De entre todas las utopías modernas, la que pretende conservar o revivir los rastros del pasado es acaso la más improbable. El restaurador sabe —como el observador de Heisenberg— que su huella altera indefectiblemente el objeto de su empresa; el teórico, por su parte, es consciente de que preservar la pieza histórica implica sacarla del proceso del tiempo, que es en realidad el que le dota de valor.
De la constatación de esta aporía parte Juan Miguel Hernández León en Autenticidad y monumento. Del mito de Lázaro al de Pigmalión, un libro de sesgo filosófico que indaga en las diversas teorías sobre el patrimonio que se han ido sucediendo, desde la instauratio renacentista hasta los complejos tinglados normativos de hoy. Lo hace con un discurso denso —y por momentos oscuro— que disuadirá a algunos lectores, pero partiendo de un enfoque que interesará a otros tantos, y que va más allá de las manidas fórmulas del especialista, para ensayar con libertad una cartografía de conceptos pertinentes y afines entre sí: la unidad, la autenticidad, la pátina, la organización, el carácter, la originalidad, el simulacro y, sosteniéndolos a todos, la materia y la memoria.

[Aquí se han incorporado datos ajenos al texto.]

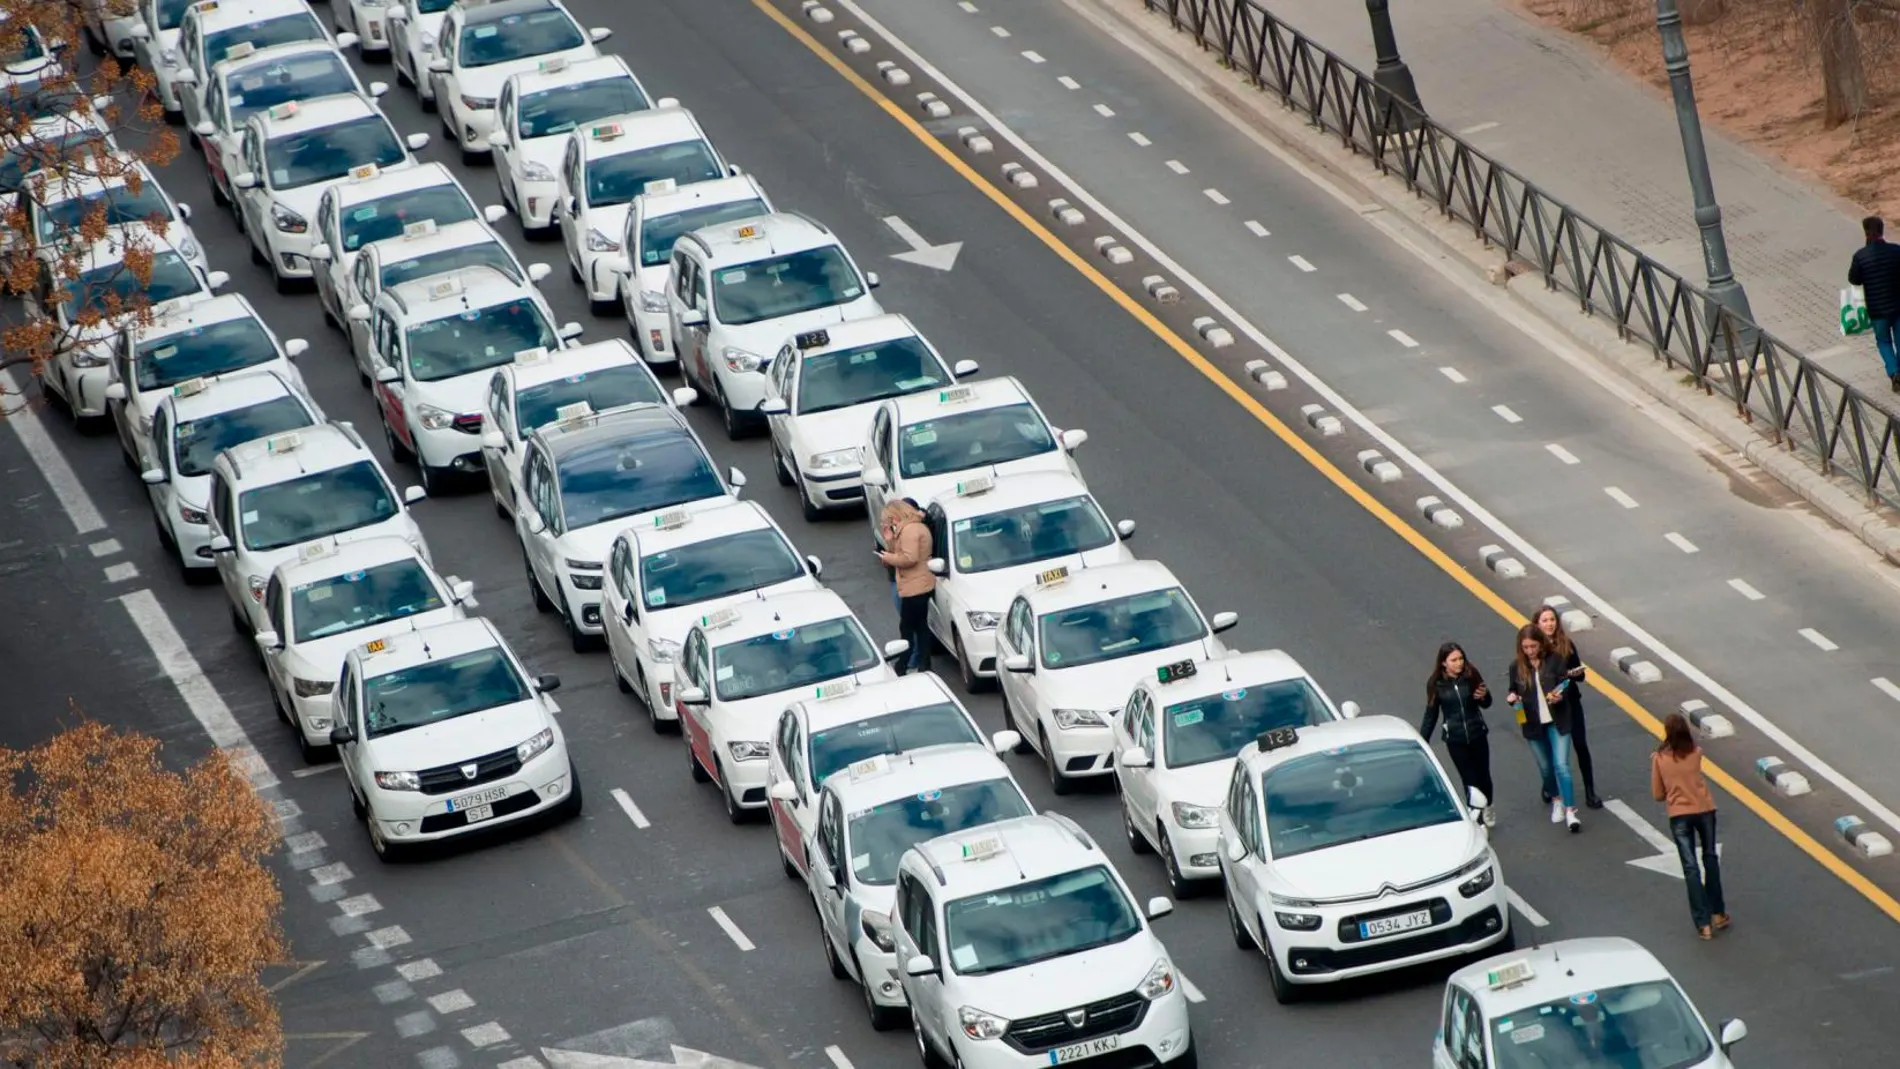 Siete asociaciones de taxistas convocaron ayer una protesta en defensa del sector, con una cola de vehículos aparcados desde la calle Pintor López hasta la calle Xàtiva y una marcha a pie hasta el Palau de la Generalitat

Es precisamente la polaridad entre la materia (el valor físico del objeto histórico) y la memoria (su valor evocativo) la que estructura el decurso del libro, que comienza con el concepto de ‘monumento’ alumbrado en el primer Renacimiento, sigue con los binomios antiguo/moderno y modelo/copia de la Ilustración, florece con la ‘cultura de la tutela’ del Romanticismo en ciernes, se refuerza con la pugna entre Viollet-le-Duc y Ruskin —restaurador el uno; conservador el otro— y, enriqueciéndose con las aportaciones de Riegl, Boito, Giovannoni y la Carta de Atenas, termina preguntándose, con extrañeza, sobre la posibilidad del monumento en una cultura que ya no tiene que ver ni con la materia ni con la memoria, sino con la pura mercancía virtual: una cultura, en definitiva, como la nuestra.